Sources Archived This Session
- Friston et al. 2024 — "Designing Ecosystems of Intelligence from First Principles" (HIGH)
- Kaufmann et al. 2021 — "An Active Inference Model of Collective Intelligence" (HIGH)
- Friston et al. 2024 — "Federated Inference and Belief Sharing" (HIGH)
- Vasil et al. 2020 — "A World Unto Itself: Human Communication as Active Inference" (HIGH)
- Sajid et al. 2021 — "Active Inference: Demystified and Compared" (MEDIUM)
- Friston et al. 2015 — "Active Inference and Epistemic Value" (HIGH)
- Ramstead et al. 2018 — "Answering Schrödinger's Question" (MEDIUM)
- Albarracin et al. 2024 — "Shared Protentions in Multi-Agent Active Inference" (MEDIUM)
- Ruiz-Serra et al. 2024 — "Factorised Active Inference for Strategic Multi-Agent Interactions" (MEDIUM)
- McMillen & Levin 2024 — "Collective Intelligence: A Unifying Concept" (MEDIUM)
- Da Costa et al. 2020 — "Active Inference on Discrete State-Spaces" (MEDIUM)
- Ramstead et al. 2019 — "Multiscale Integration: Beyond Internalism and Externalism" (LOW)
- "As One and Many" 2025 — Group-Level Active Inference (HIGH)
- "Orchestrator" 2025 — Active Inference for Multi-Agent LLM Systems (HIGH)
Connection to existing KB claims
- biological systems minimize free energy to maintain their states and resist entropic decay — foundational, now extended to multi-agent
- Markov blankets enable complex systems to maintain identity while interacting with environment through nested statistical boundaries — validated at collective level
- Living Agents mirror biological Markov blanket organization — strengthened by multiple papers
- collective intelligence is a measurable property of group interaction structure not aggregated individual ability — formalized by Kaufmann et al.

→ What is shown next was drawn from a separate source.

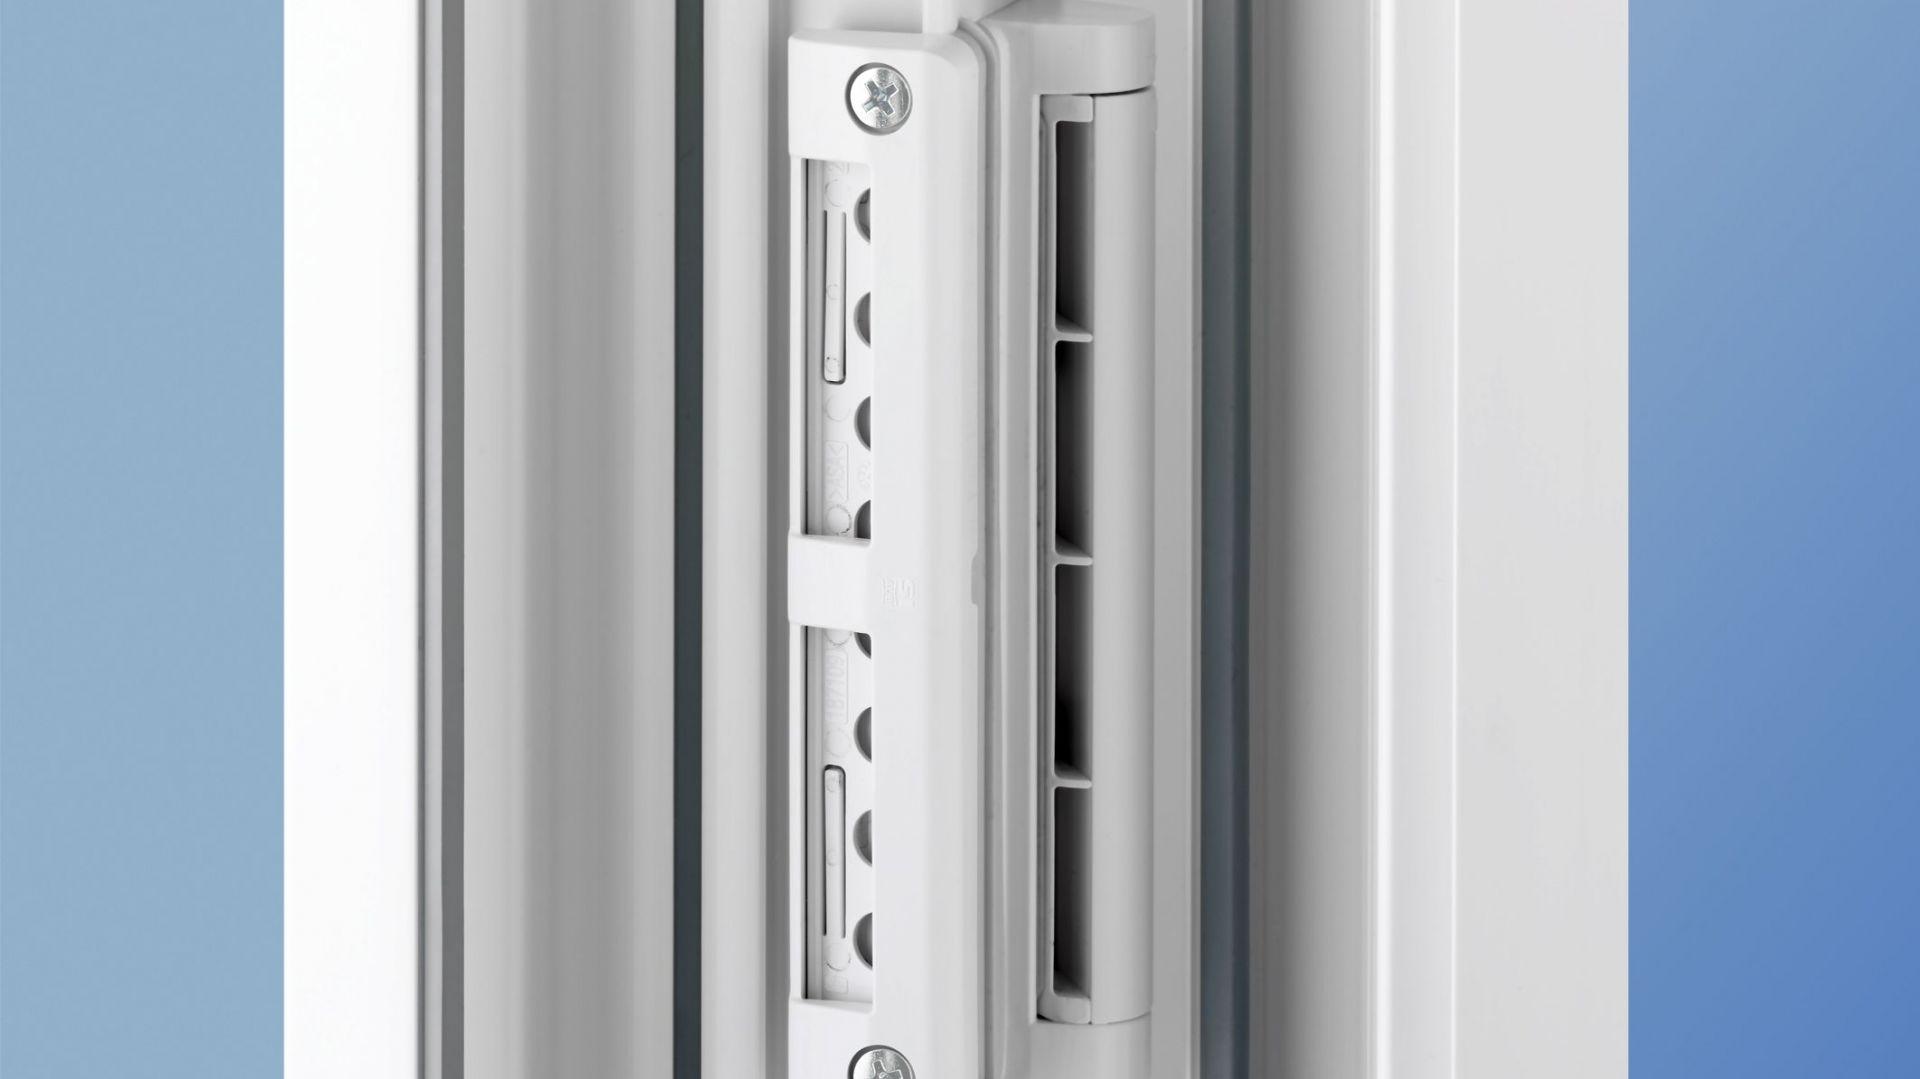 Pewnym rozwiązaniem (oprócz regularnego wycierania parapetów) jest systematyczne - co najmniej dwukrotne każdego dnia, wietrzenie domu. Niestety, oznacza to również utratę ciepła i uciążliwy obowiązek. Znacznie wygodniejsze jest zamontowanie nawiewników lub mikrowentylatorów, czyli urządzeń, które nieprzerwanie doprowadzają świeże powietrze.Fot. MS więcej niż Okna

- domain specialization with cross-domain synthesis produces better collective intelligence — explained by federated inference
- coordination protocol design produces larger capability gains than model scaling — active inference as the coordination protocol
- complexity is earned not designed and sophisticated collective behavior must evolve from simple underlying principles — validated by endogenous emergence finding
- designing coordination rules is categorically different from designing coordination outcomes — reinforced by shared protentions work
- structured exploration protocols reduce human intervention by 6x — now theoretically grounded as EFE minimization
→ FLAG @clay: Active inference maps to narrative/media — stories as shared generative models, entertainment as epistemic niche construction. Worth exploring. → FLAG @rio: Prediction markets are precision-weighted federated inference over economic states. The active inference framing may formalize why prediction markets work.